PROBLEM TO SOLVE
Copy exactly every line below, from the first through the one that contains "Wank Tenshi no", and skip all pictures.

COLLECTED DATA

+ + + + +

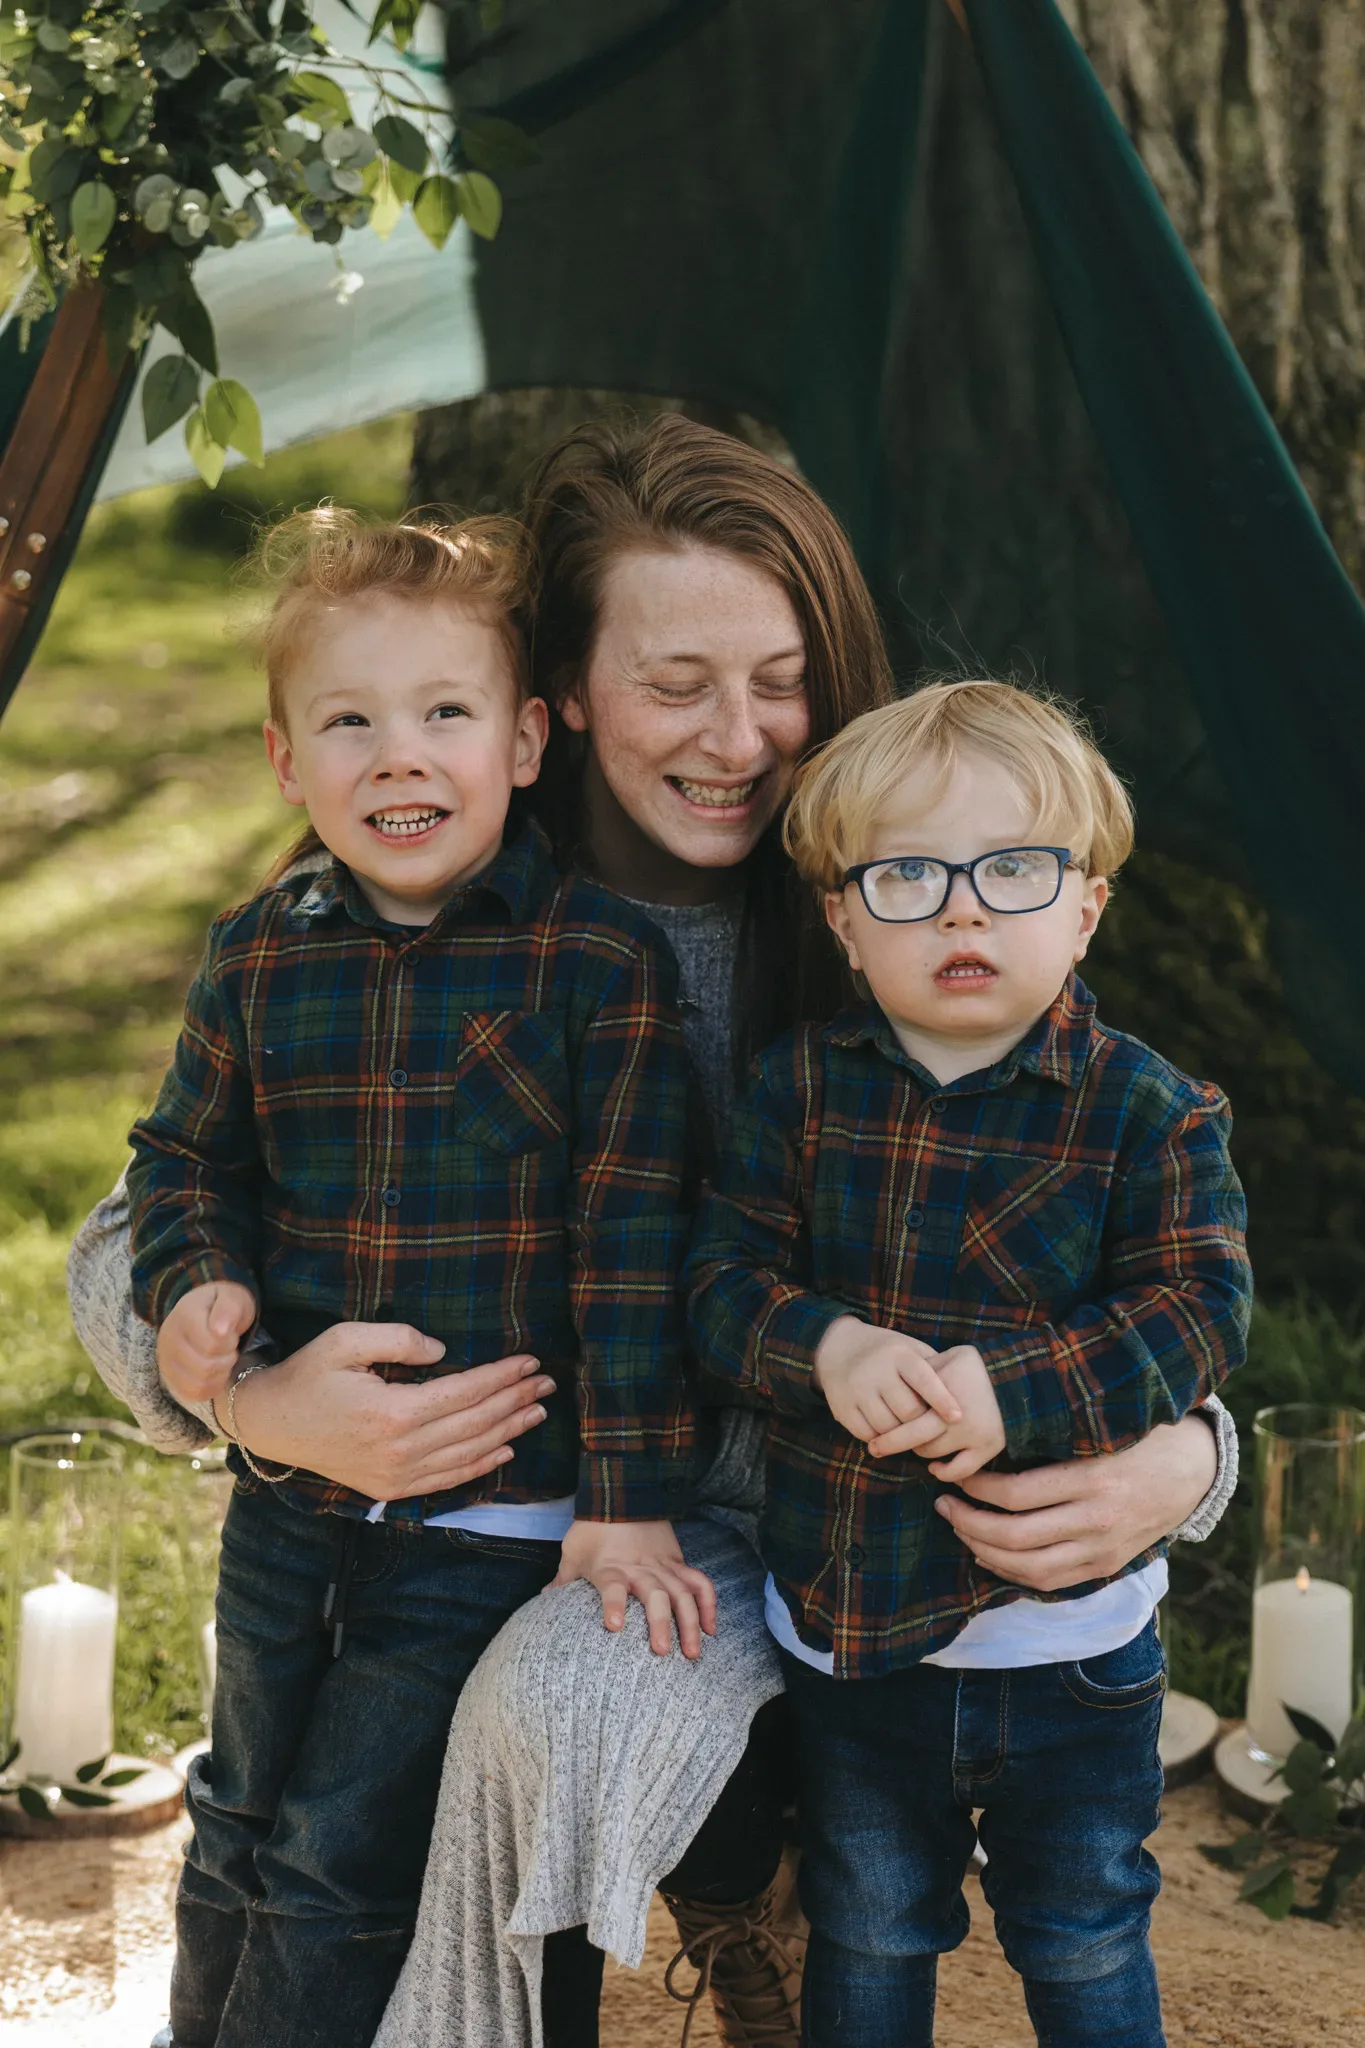 A joyful woman hugged by two young boys in plaid shirts, outdoors under a canopy, smiling brightly with candles and natural light surrounding them.
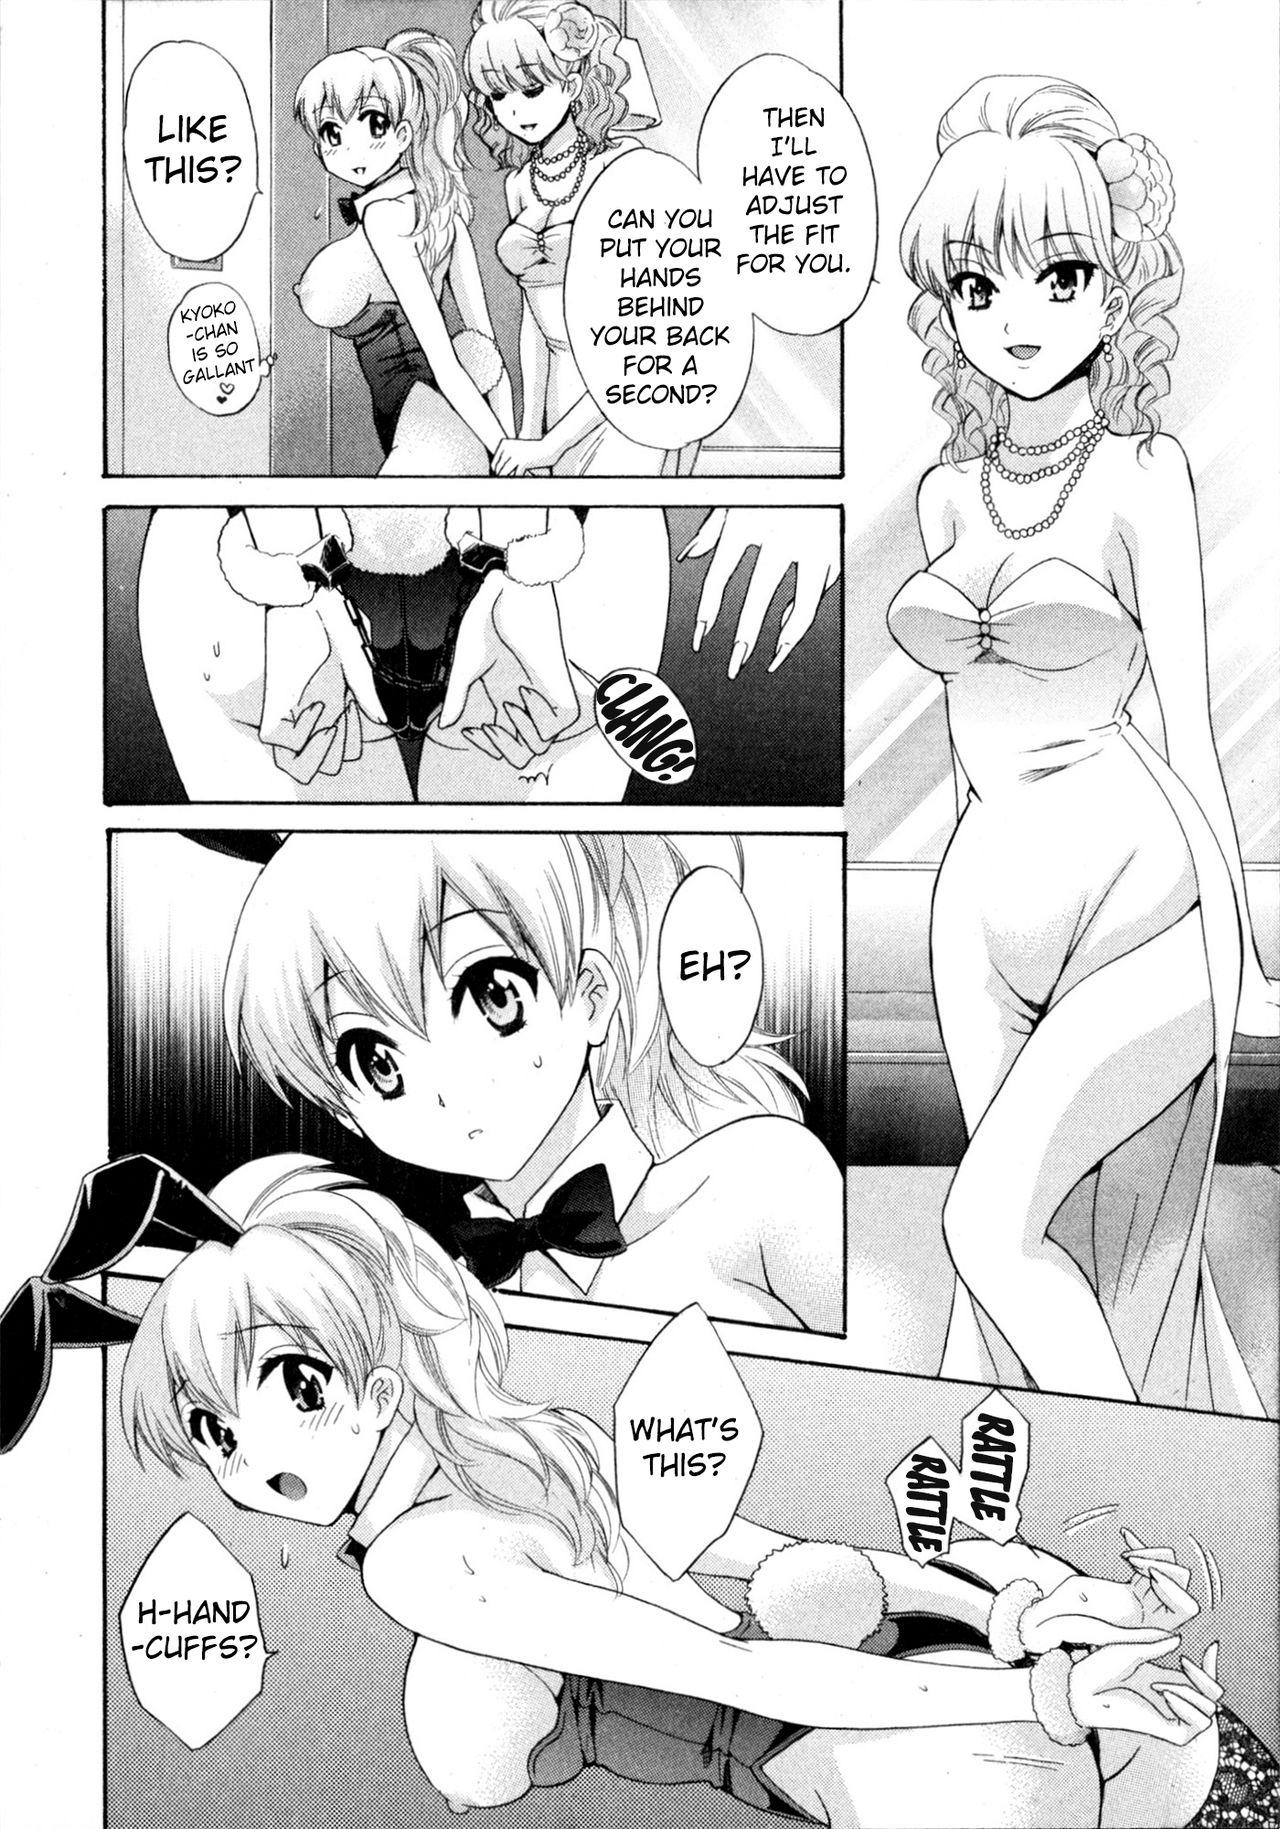 Wank Tenshi no Marshmallow 4 Ch. 25-27 Pigtails - Page 10
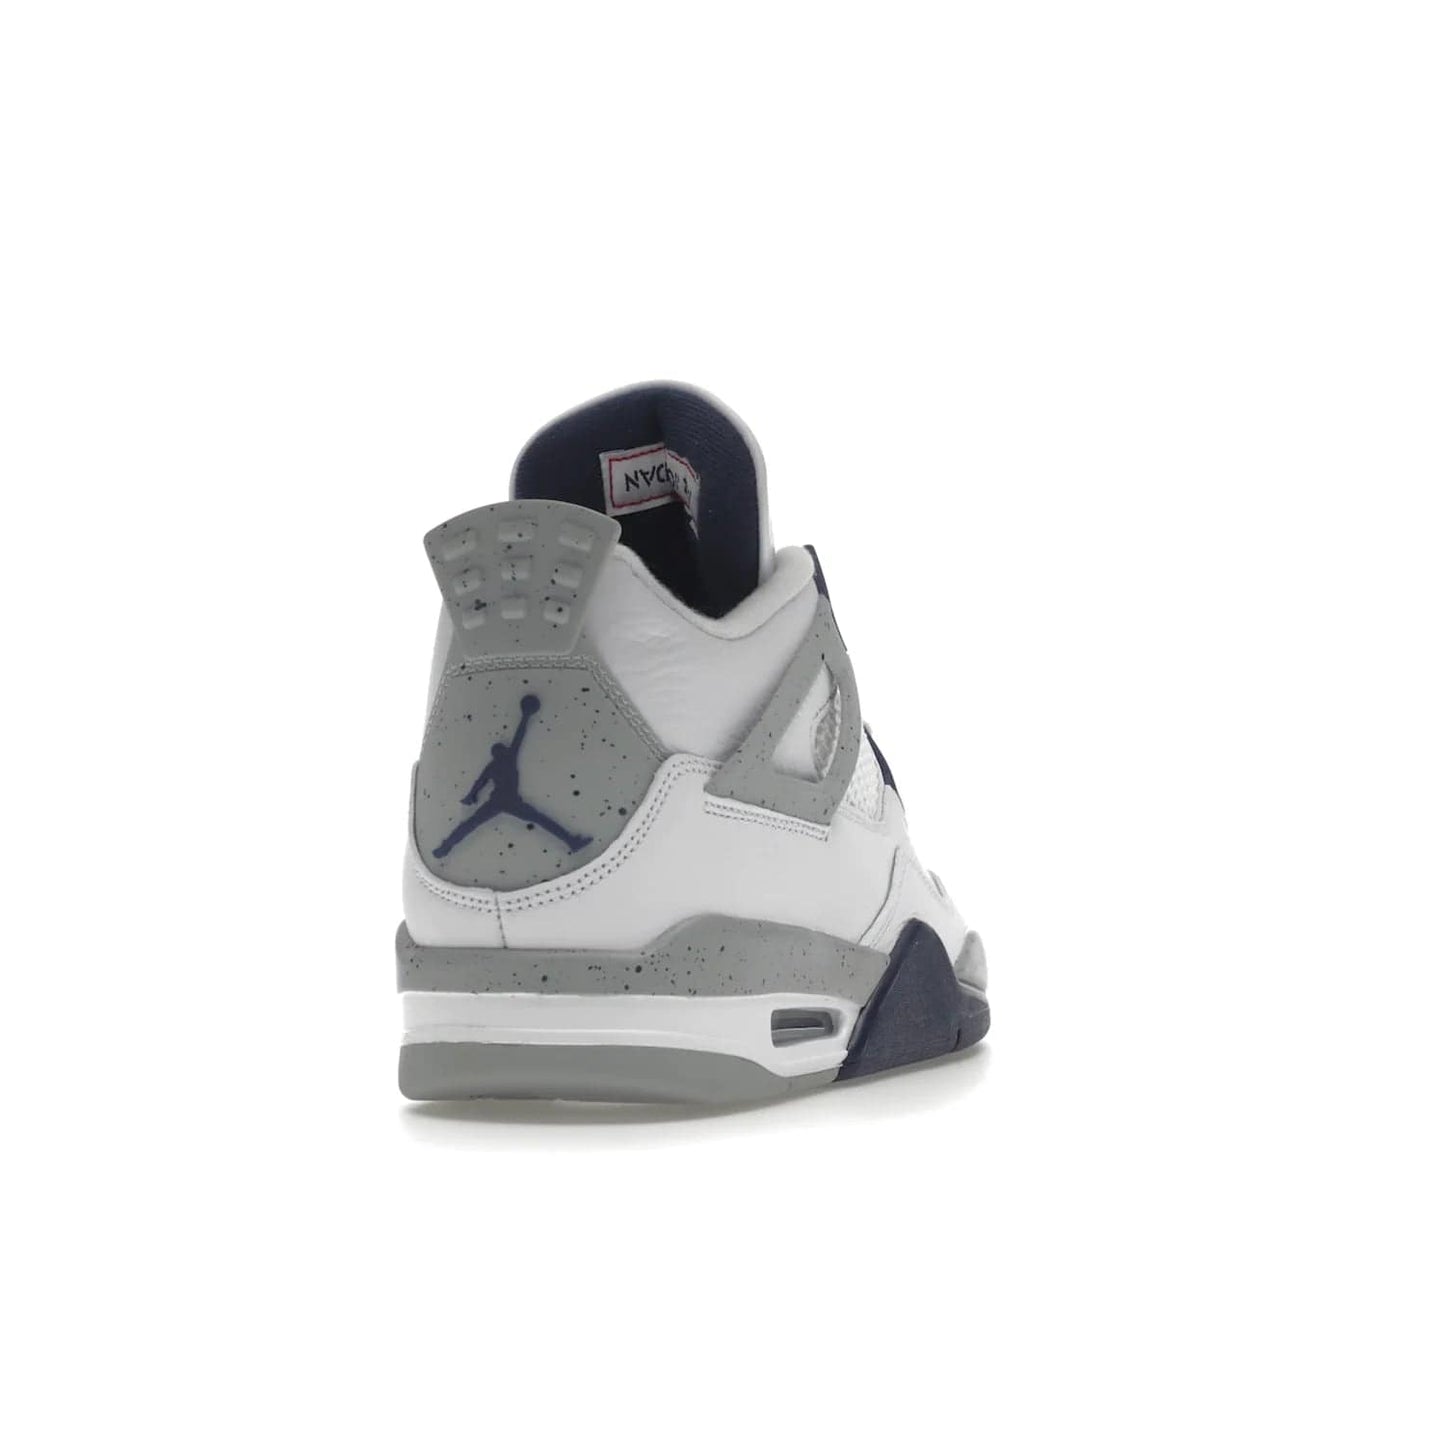 Jordan 4 Retro Midnight Navy - Image 30 - Only at www.BallersClubKickz.com - Shop the Air Jordan Retro 4 White Midnight Navy. Stand out with a classic white leather upper, black support wings, midnight navy eyelets, and Crimson Jumpman tongue tag. Unbeatable comfort with two-tone polyurethane midsole with encapsulated Air technology. Get yours before October 29th, 2022.

+ + + + +

RESPONSE TO THIS EXERCISE
 A joyful woman hugged by two young boys in plaid shirts, outdoors under a canopy, smiling brightly with candles and natural light surrounding them.
 Wank Tenshi no Marshmallow 4 Ch. 25-27 Pigtails - Page 10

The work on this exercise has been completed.